→ **Source data**:
□ □ □ □ □
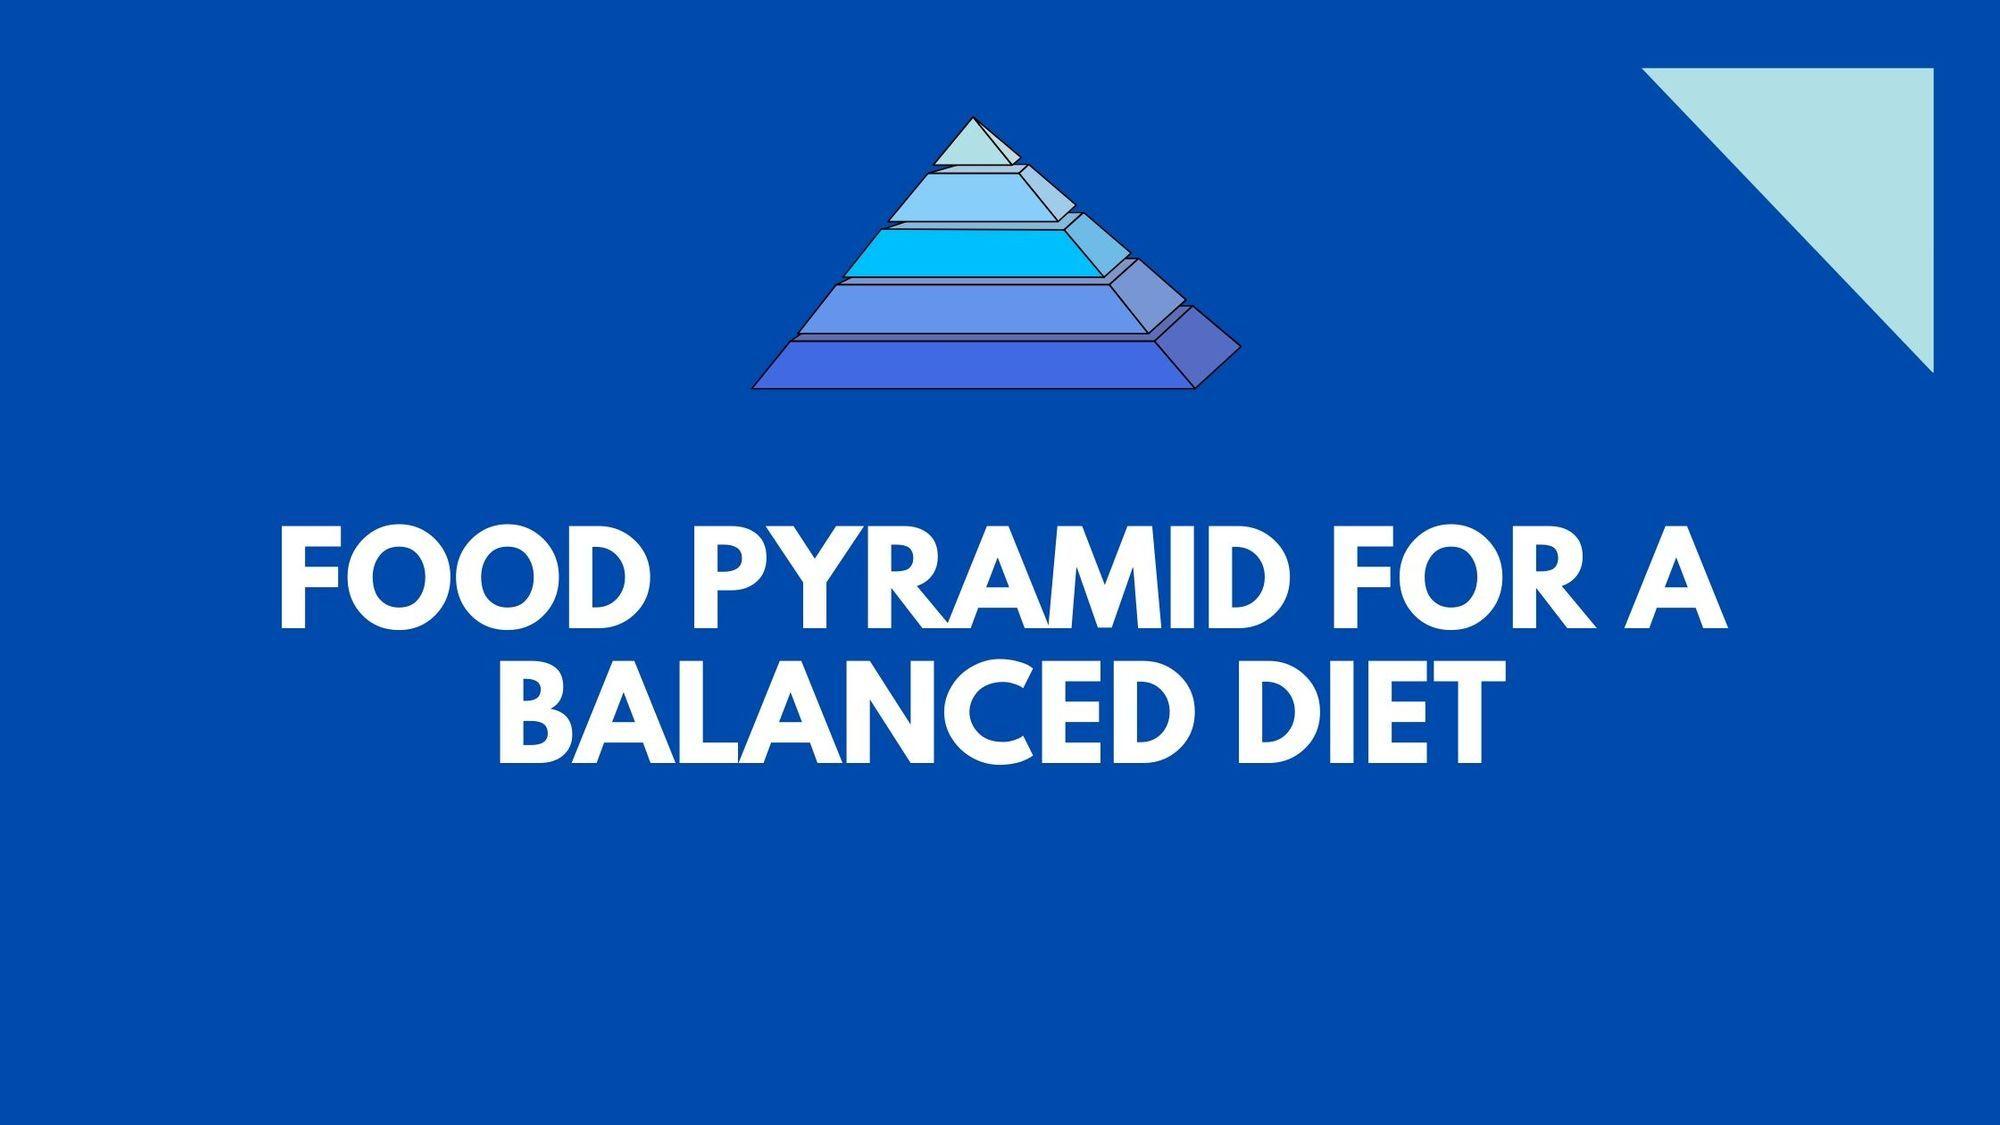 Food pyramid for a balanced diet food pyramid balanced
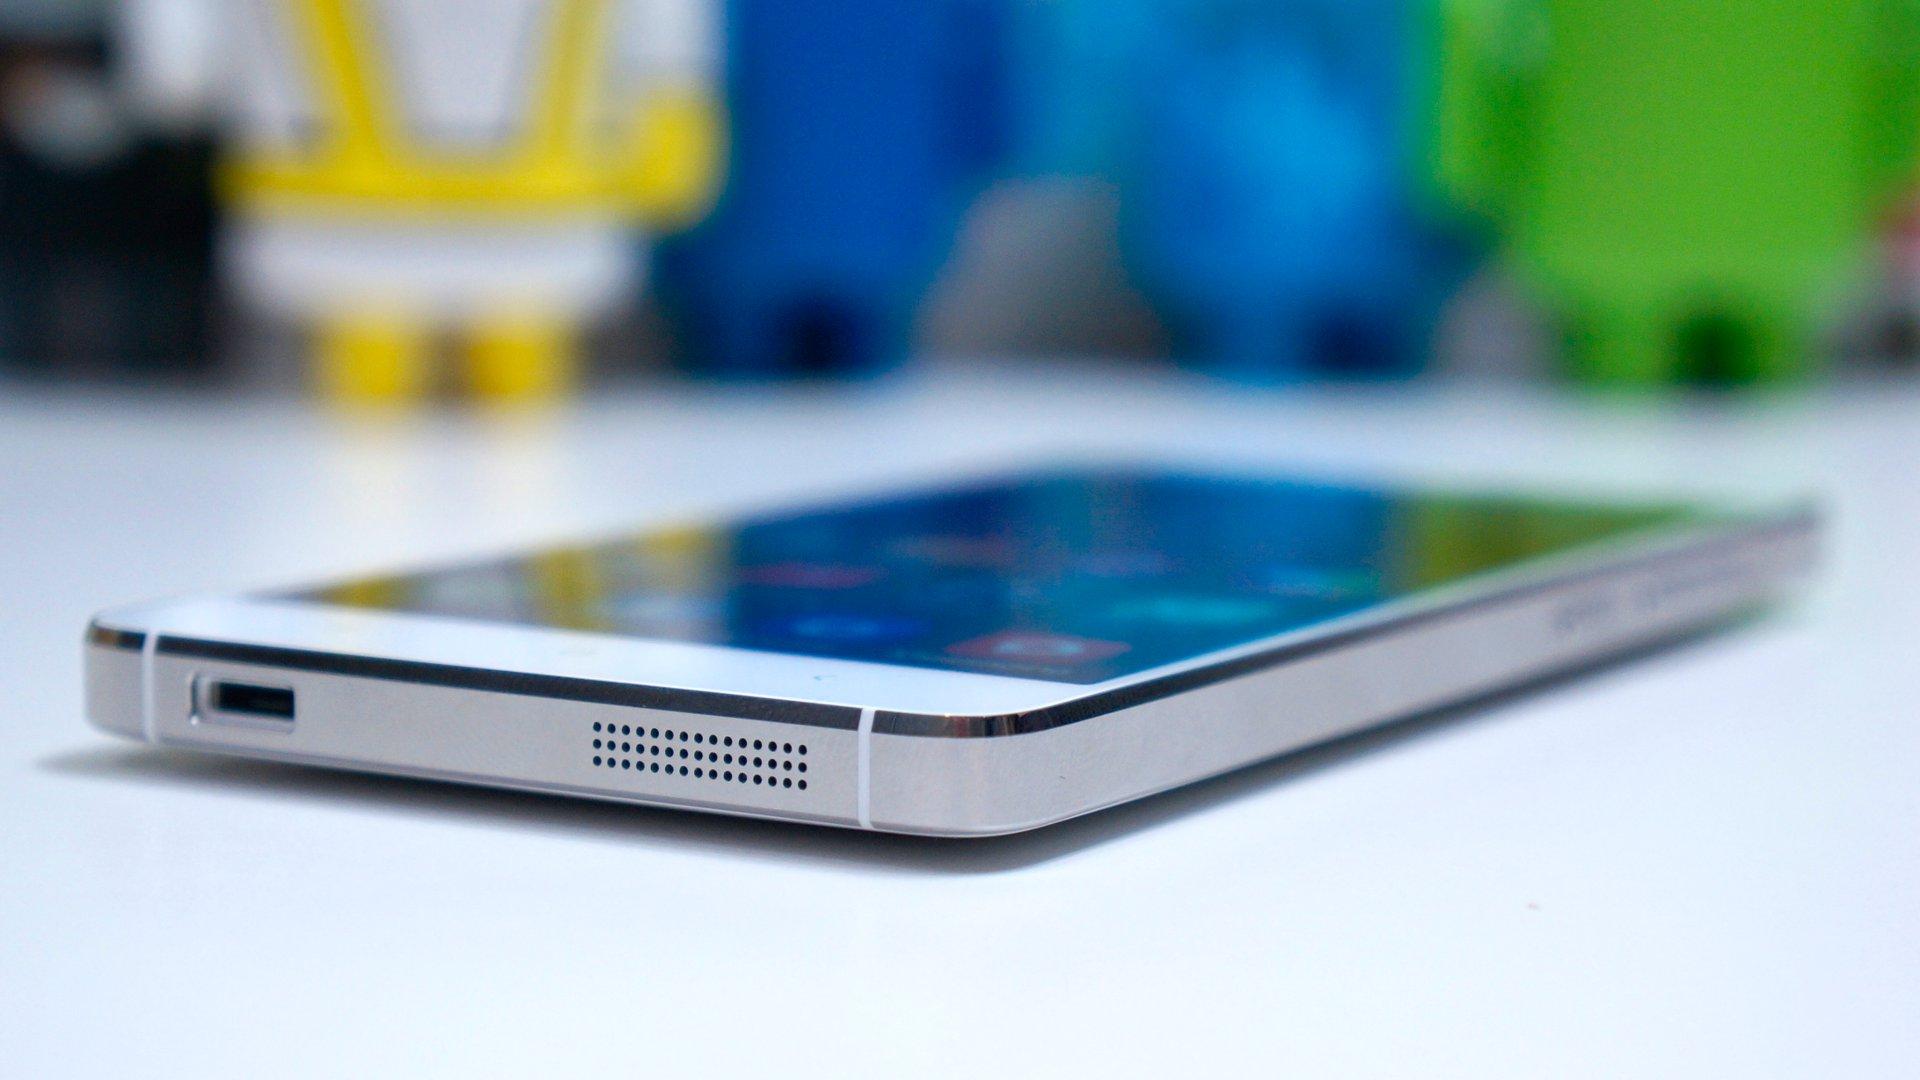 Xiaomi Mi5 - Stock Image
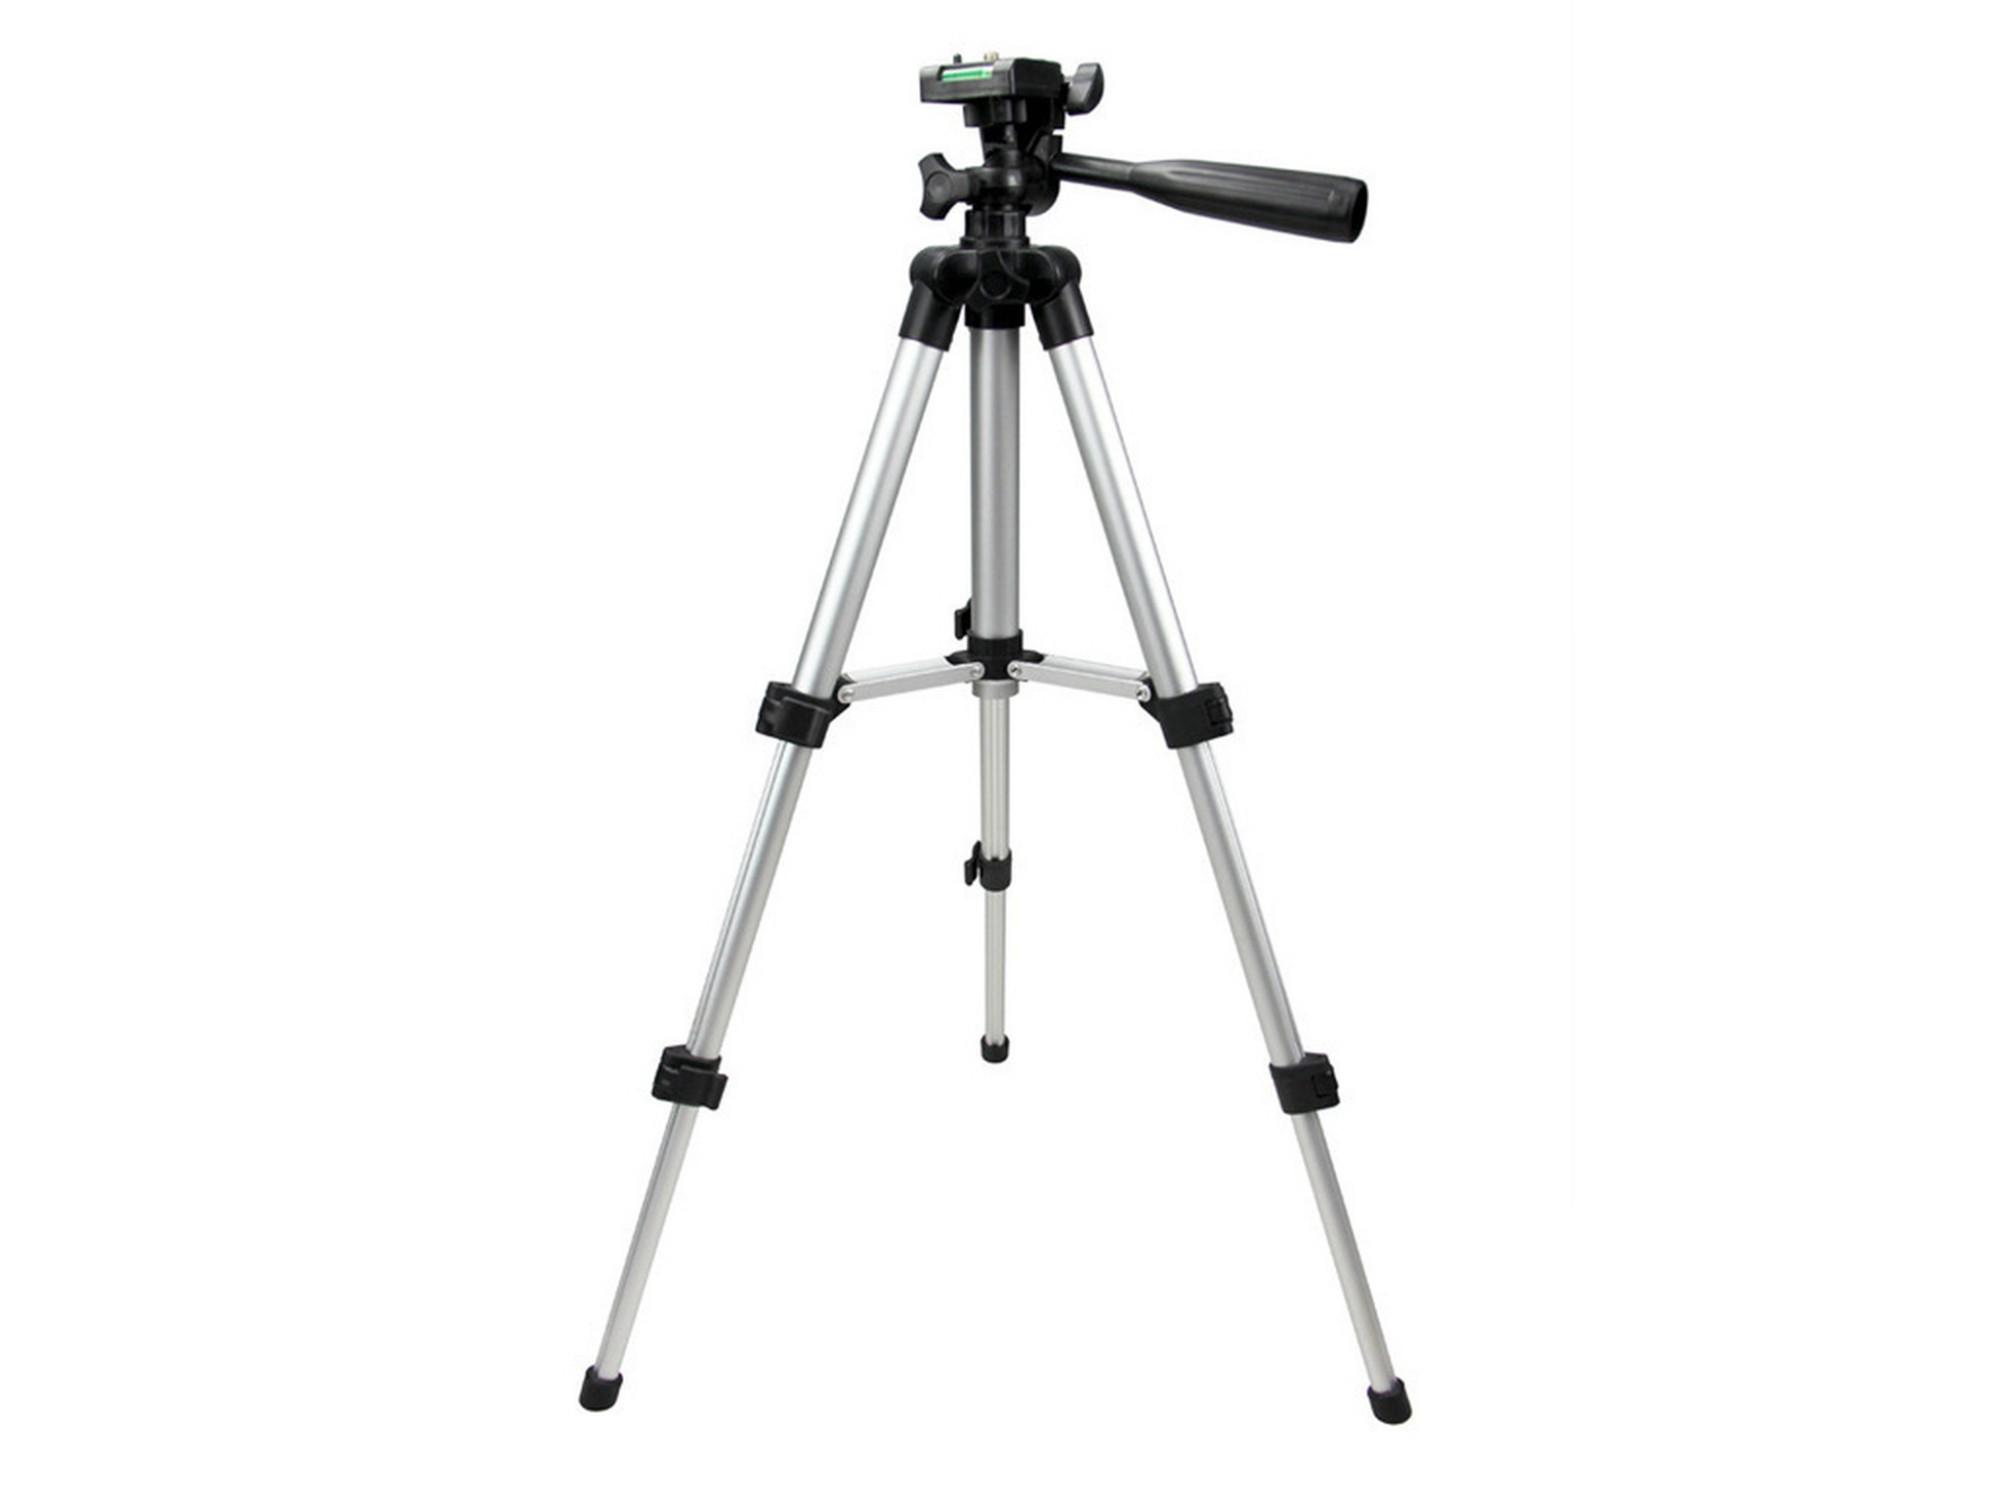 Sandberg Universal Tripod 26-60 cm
□ □ □ □ □
→ **Instructions for the task**: Print every line of the data exactly. Pictures do not belong in the copy.

→ **Your solution**:
 Food pyramid for a balanced diet food pyramid balanced
 Xiaomi Mi5 - Stock Image
 Sandberg Universal Tripod 26-60 cm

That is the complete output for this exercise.